2. Product Fee Structure
   
2.1 In consideration for the service provided by the Contractor, the Buyer shall pay to the Contractor all direct costs in relation to production of the Products. plus a mark up as set forth in the Fee Structure attached as Annex 4.
   
2.2 The fee of the services provided is reviewed on an annual basis.
   
2.3 The fee structure and payment must be denominated in USD or any other currency agreed by both the Buyer and the Contractor.
   
A CONTRACTOR’S OBLIGATION
   
3. Exclusivity
   
3.1 During the term of this Contract, the Contractor shall not engage in any other business nor provide any other manufacturing services for any other entities including a natural person without the prior written consent of the Buyer.
   
3.2. All persons employed by Contractor to provide and manage the Services and Operations shall be the employees of the Contactor and the Contractor shall be legally liable for their actions and welfare.
   
3.3 Should the Contractor deem it necessary to utilize subcontractors for the manufacturing purpose, prior written permission must be sought from the Buyer.
   
3.4 Within three years after termination of this contract, without the prior written consent of the buyer, the contractor shall not cooperate with any company with a similar business model or a competitive relationship with the buyer, and shall not manufacture any sofa.
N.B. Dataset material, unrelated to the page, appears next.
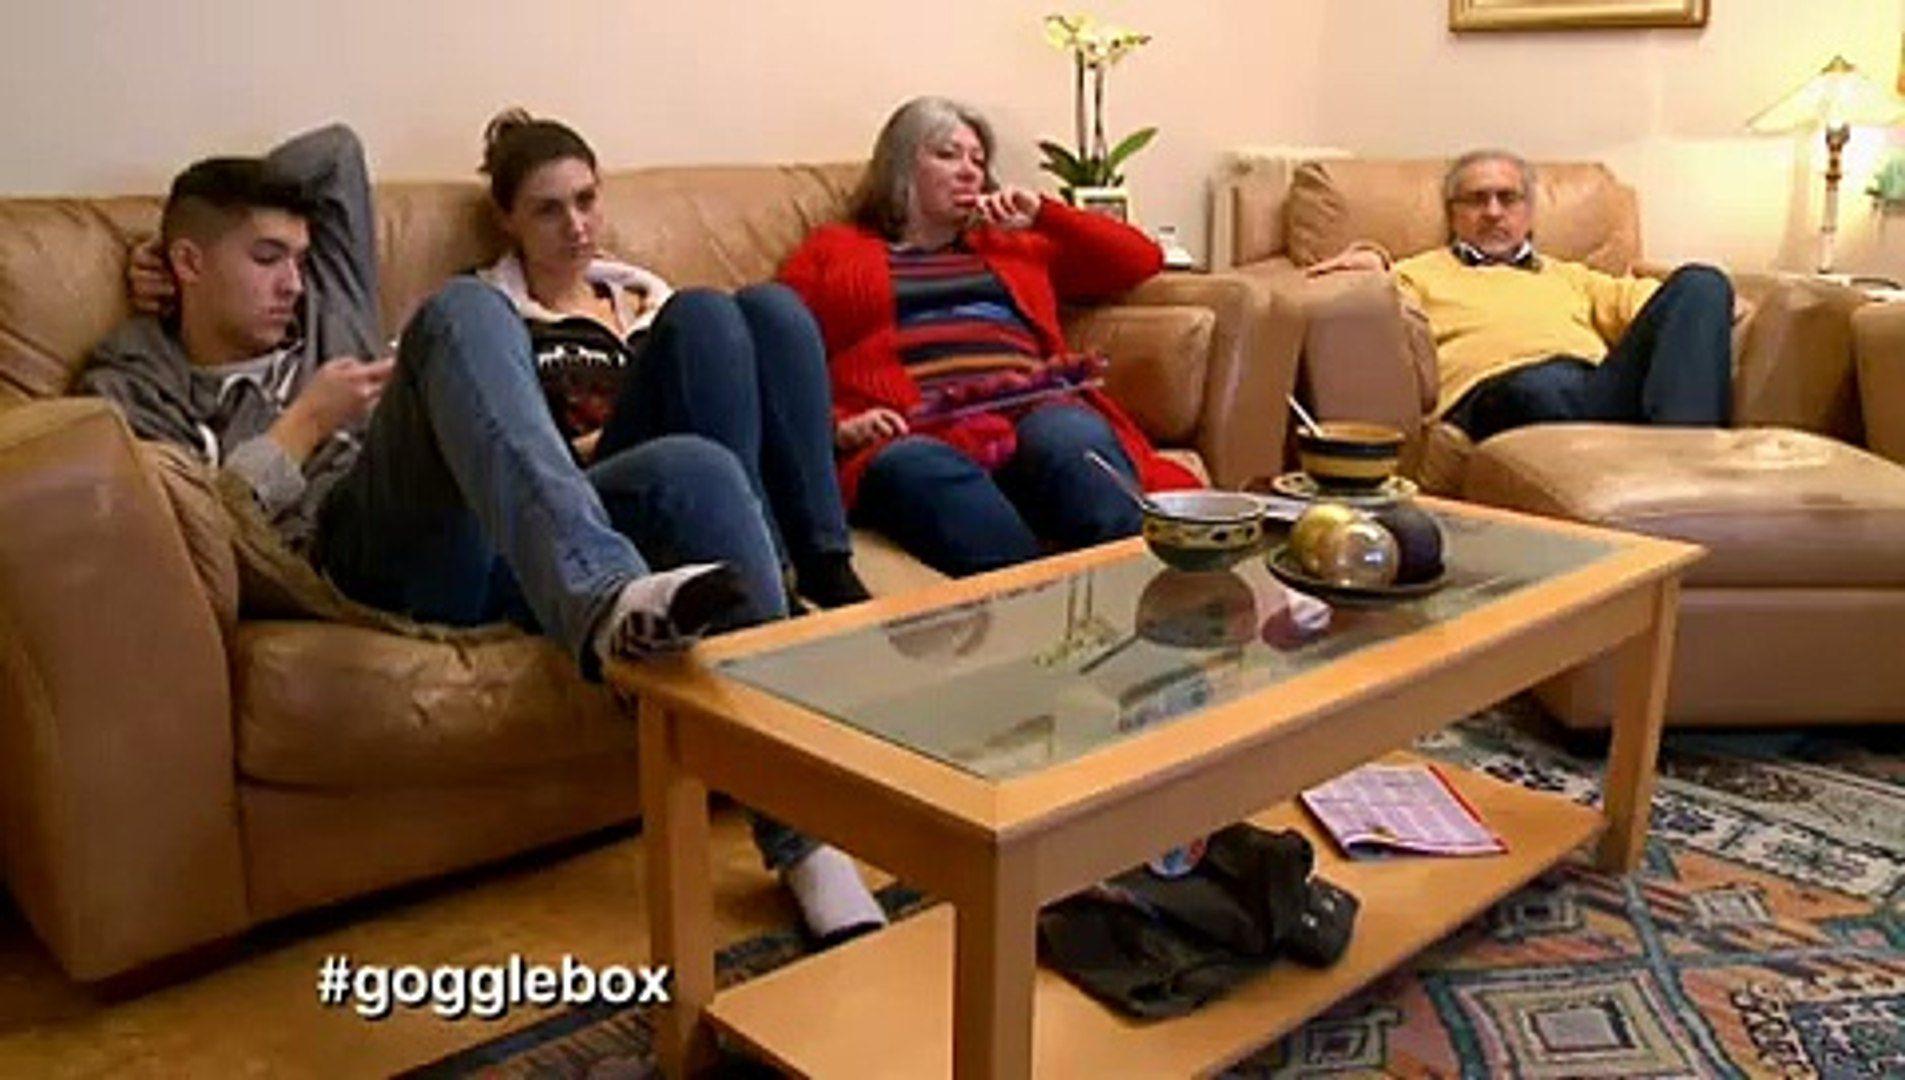 Gogglebox Season 18 Episode 1
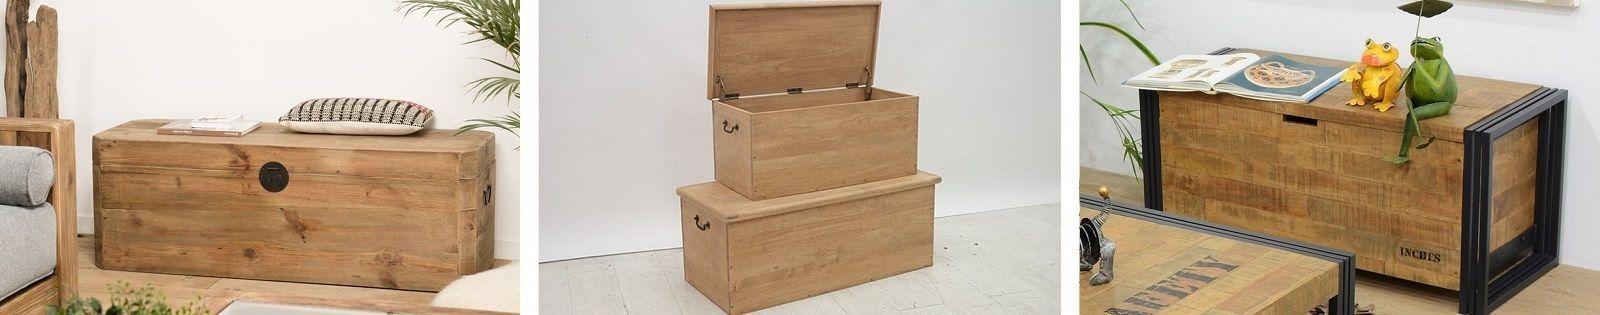 Coffre : meubles de très bonne qualité. Haut de gamme. Lotuséa

If the contractor violates this agreement, the buyer has the right to require the contractor to pay all its profits to the buyer without any objection from the contractor, and pay to the buyer within 7 days.
   
4. Orders
   
4.1 The Buyer will place orders with the Contractor for Products specifying the quantity, type of Product, packaging, labeling, any other unique product specifications required in any particular case, the required date of delivery and relevant location for delivery.
   
4.2 All orders made and represented by the Buyer to the Contractor shall be deemed to be accepted and confirmed by the Contractor.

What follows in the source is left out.